What to patch in /root/youtube-memory

  • core.py: add download_subtitles_with_ytdlp(), VTT/JSON3 parsing, auth arg builder, blocked/error artifact writer, and failure classifier.
  • cli.py: add --cookies, --cookies-from-browser, --auth-profile, --prefer-subtitles, --no-audio, --keep-audio.
  • tests: cover fallback order: captions → yt-dlp subtitles → audio → blocked artifact.
  • manifest: store strategy attempted, stderr class, next recovery path, artifact paths, transcript hash.
  • GBrain: keep raw evidence under sources/youtube/... and candidate layer under inbox/youtube-candidates/...; never promote external video speech as Connor’s belief.

Local gap verified

/root/youtube-memory/src/youtube_memory/core.py currently jumps from youtube-transcript-api captions directly to audio download + faster-whisper.

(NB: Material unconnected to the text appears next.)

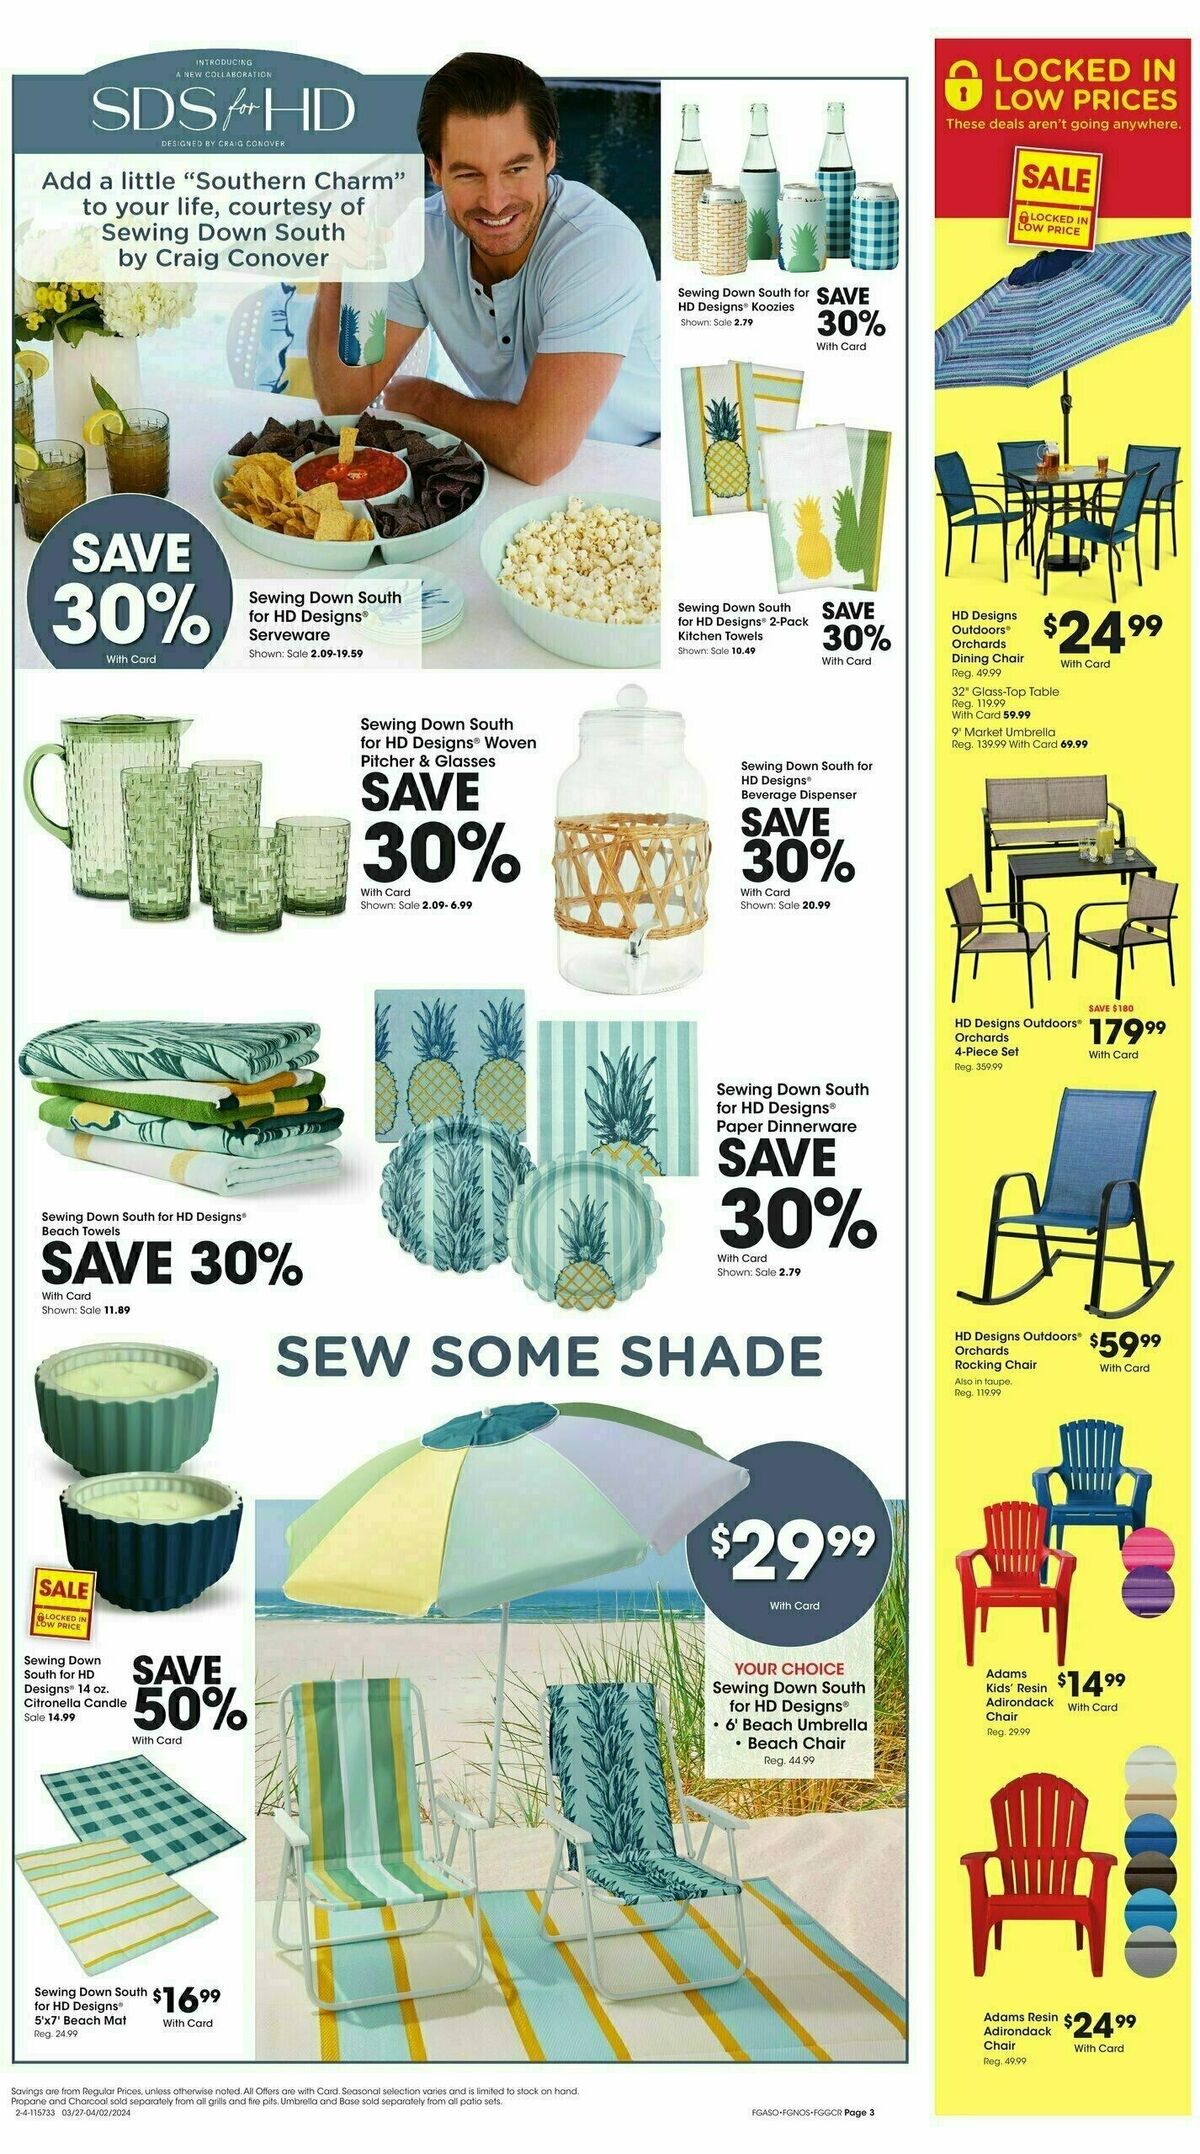 Fred Meyer Garden Center Weekly Ad from March 27

It does not yet have the subtitle-only yt-dlp layer or cookie CLI args.

Decision matrix

FailureClassify asNext move
“Sign in to confirm you’re not a bot”bot_check / bad egressPO token, cookies, clean egress, local worker
RequestBlocked in youtube-transcript-apicloud IP blockedproxy/local worker; do not keep retrying same VPS
caption list exists but VTT is emptymirror unusabletreat as blocked, continue strategy chain
403 on media formatsGVS/PO token issuePO-token provider + client variant
age restricted/account requiredauth_requiredcookies from dedicated account
captions unavailable but audio worksno_captionsfaster-whisper / whisper.cpp

Recommended build order

  1. Add subtitle-only yt-dlp fallback to youtube-memory.
  2. Add --cookies / --cookies-from-browser CLI flags and pass them to subtitle/audio yt-dlp calls.
  3. Add structured blocked artifacts for every failed video, not just stdout errors.
  4. Add conservative yt-dlp audio options: low concurrency, sleeps, retries, 16 kHz mono conversion.
  5. Add optional PO-token provider profile: bgutil + mweb.
  6. Add a trusted local relay worker for residential/browser-auth extraction.
  7. Add batch/playlist retry queue and GBrain candidate review for transcripts.

Evidence notes

Repo metadata was checked via GitHub API on 2026-05-15. Local pipeline inspection verified /root/youtube-memory tests pass and confirmed current code paths. yt-dlp and youtube-transcript-api both produced bot/cloud-IP failures for the original target video from the VPS. The recommendation intentionally favors local-first/open-source tools over freemium transcript-credit APIs.